The courts always intended that the Flores agreement to be replaced by law or regulation, but no administration ever followed through, leaving the decision in the hands of the most anti-immigrant president in recent history.

The new licensure process might be challenged in court. Another question at stake could be whether the facilities qualify as “non-secure”—which is to say, sufficiently un-jail-like—another requirement of the Flores agreement. The government will need to argue that its new rule maintains the substance of the court settlement. 

So now let’s game this out a bit. Currently, family detention centers are at a small fraction of their capacity. The Karnes facility is, temporarily, not holding families at all but adult women. And right now, thanks to the so-called Migrant Protection Protocols (MPP), most asylum-seeking families are being bounced back over the border anyway and will never see the inside of an ICE facility. The immediate impact of the new rule might be significant but not huge because so many migrants are being stymied from entering the country at all.

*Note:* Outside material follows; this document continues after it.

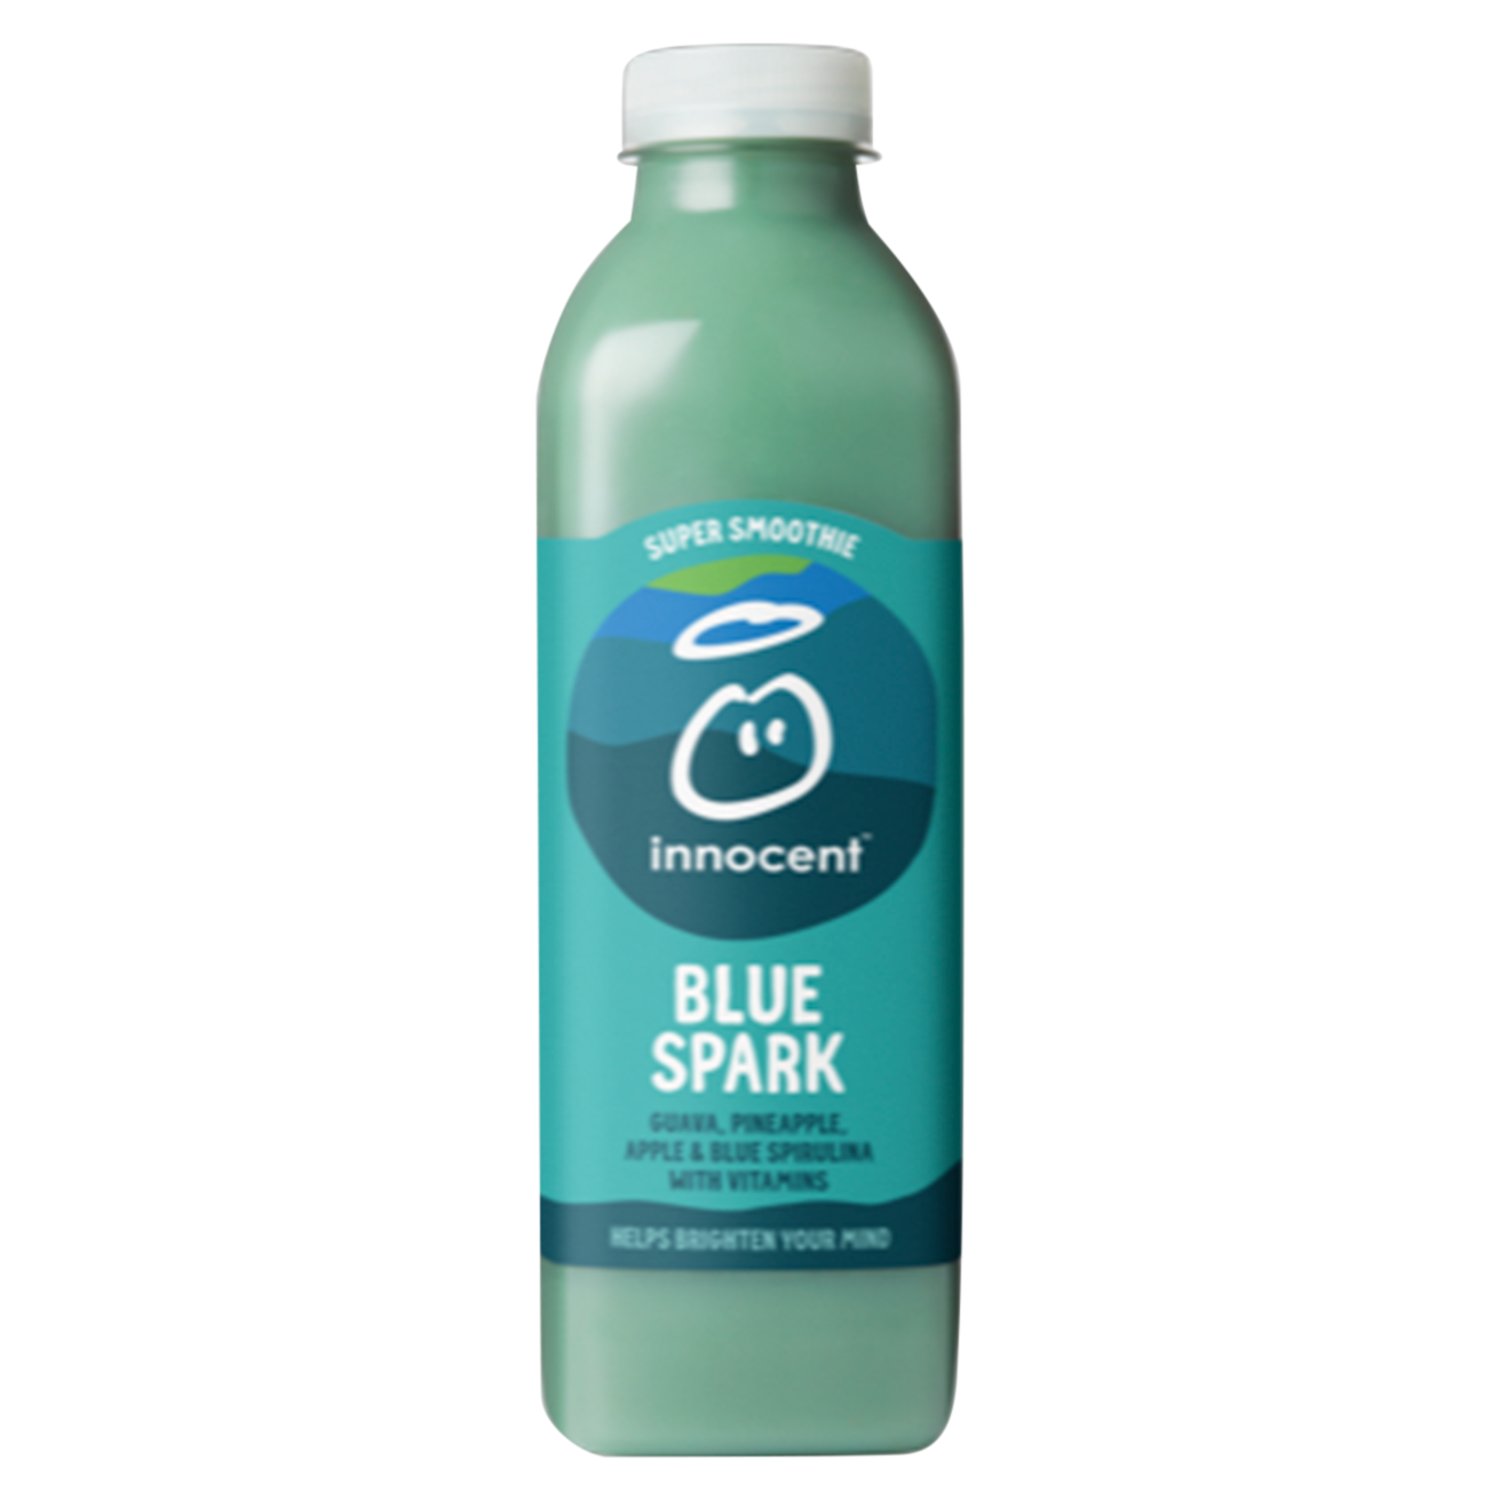 Innocent Blue Spark Super Smoothie (750 ml)

But what if something changes? For example, a large wave of asylum-seeking families from Africa, currently exempt from MPP, could arrive. Or MPP could be struck down in court after a hearing in California on October 1, and the families currently staying in Mexico as part of MPP might re-enter the U.S. to seek asylum. 

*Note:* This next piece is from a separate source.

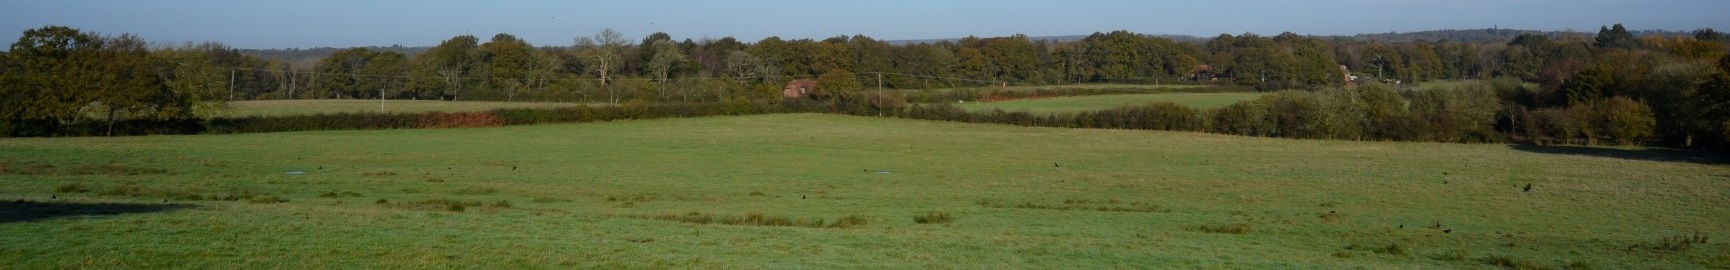 Ampfield Heritage Area

In two and a half years in office, Trump has—curiously—not expanded the number of family detention centers. The same three facilities stand now that stood in late 2014. So if there’s an influx, and the administration wants to detain families indefinitely, they’ll quickly run out of space. It’s a reasonable bet that the president would then respond sloppily, with something along the lines of mass tent facilities on army bases, the sort of situation the Flores settlement always meant to prevent.